Kabar penemuan ini sontak membuat gempar dan menarik perhatian otoritas terkait. Meski banyak pihak mendorongnya untuk menjual temuan berharga tersebut demi kekayaan pribadi, Nuryasin teguh pada pendiriannya. "Tapi, itu tak mungkin saya lakukan. Uang temuan ini akan kami serahkan pada museum, atas dasar petunjuk Depdikbud," ujarnya kala itu. Keputusan ini menjadikannya bukan seorang miliarder, melainkan pahlawan sejarah yang mengutamakan pelestarian warisan budaya bangsa, memastikan harta karun tersebut menjadi milik publik dan bahan studi.

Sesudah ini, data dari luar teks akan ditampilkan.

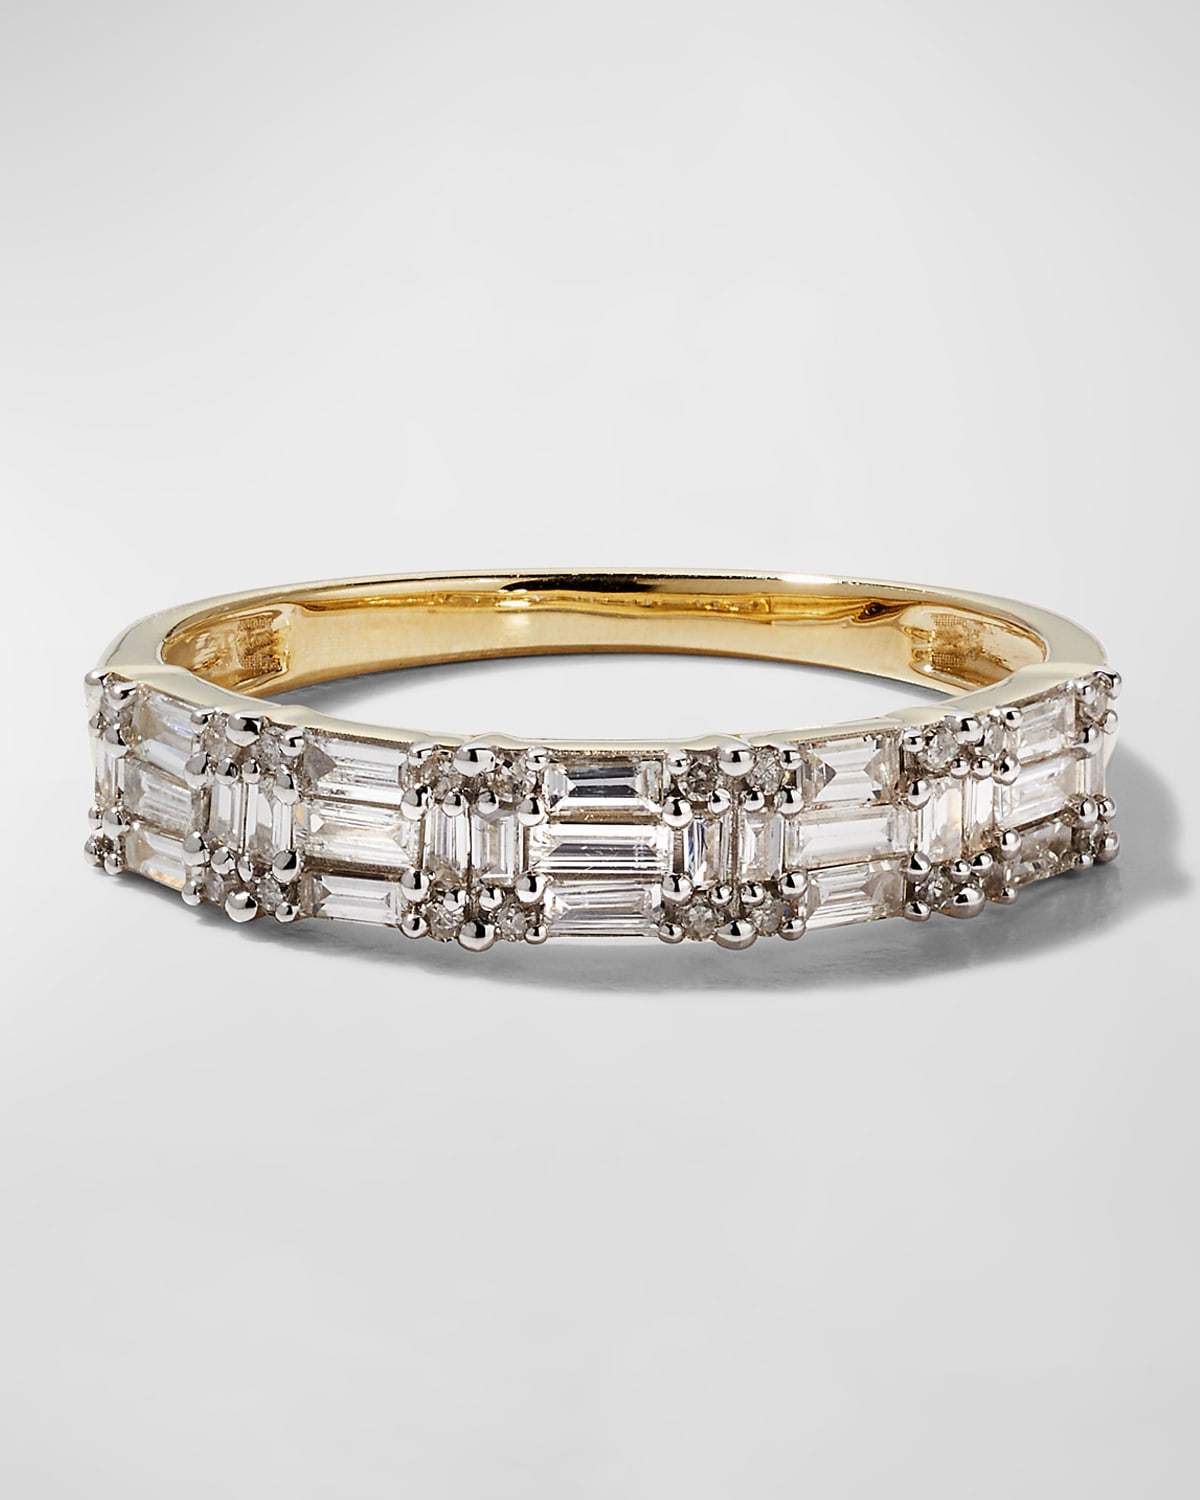 Deluxe Shield of Strength Diamond Ring

Menyingkap Sejarah Transaksi Ekonomi Nusantara
Penemuan ini tak hanya sekadar cerita rezeki nomplok, melainkan juga jendela baru untuk memahami sistem ekonomi dan transaksi di Nusantara pada masa lampau. Jauh sebelum era VOC, masyarakat Jawa kuno telah menggunakan koin emas untuk transaksi skala besar, seperti jual-beli tanah, sebagaimana dicatat Erwin Kusuma dalam "Uang Indonesia: Sejarah dan Perkembangannya" (2021). Ini menunjukkan bahwa konsep mata uang sebagai alat tukar sudah mengakar kuat, bukan sekadar barter.
Ketika VOC tiba, mereka berupaya menyeragamkan mata uang yang beredar di Nusantara. Kongsi dagang ini mengedarkan berbagai jenis koin seperti rijksdaalder, dukat, stuiver, gulden, dan doit. Koin-koin ini terbuat dari emas, perak, tembaga, hingga nikel. Menariknya, koin "doit" inilah yang kemudian menjadi cikal bakal kata "duit" yang kita kenal sebagai sebutan uang hingga kini, menunjukkan betapa masifnya peredaran dan pengaruhnya dalam kehidupan sehari-hari masyarakat. Produksi koin secara masif di dalam negeri oleh VOC semakin memperkuat penggunaannya di seluruh lapisan masyarakat sebagai alat transaksi utama.
Namun, dominasi VOC berakhir ketika kongsi dagang itu runtuh pada 1799, digantikan oleh mata uang yang dipopulerkan pemerintah Hindia Belanda. Koin-koin era VOC pun perlahan menjadi peninggalan sejarah, sebagian terkubur dan menjadi harta karun bernilai tinggi, seperti yang ditemukan Nuryasin 33 tahun silam.
Kisah Nuryasin adalah pengingat akan kekayaan sejarah yang mungkin tersembunyi di sekitar kita, sekaligus teladan integritas dalam menjaga warisan bangsa. Temuan ini tidak hanya memperkaya koleksi museum, tetapi juga memberikan wawasan berharga tentang dinamika ekonomi dan peredaran mata uang di Nusantara berabad-abad lalu, membuka tabir bagaimana masyarakat bertransaksi di era kolonial.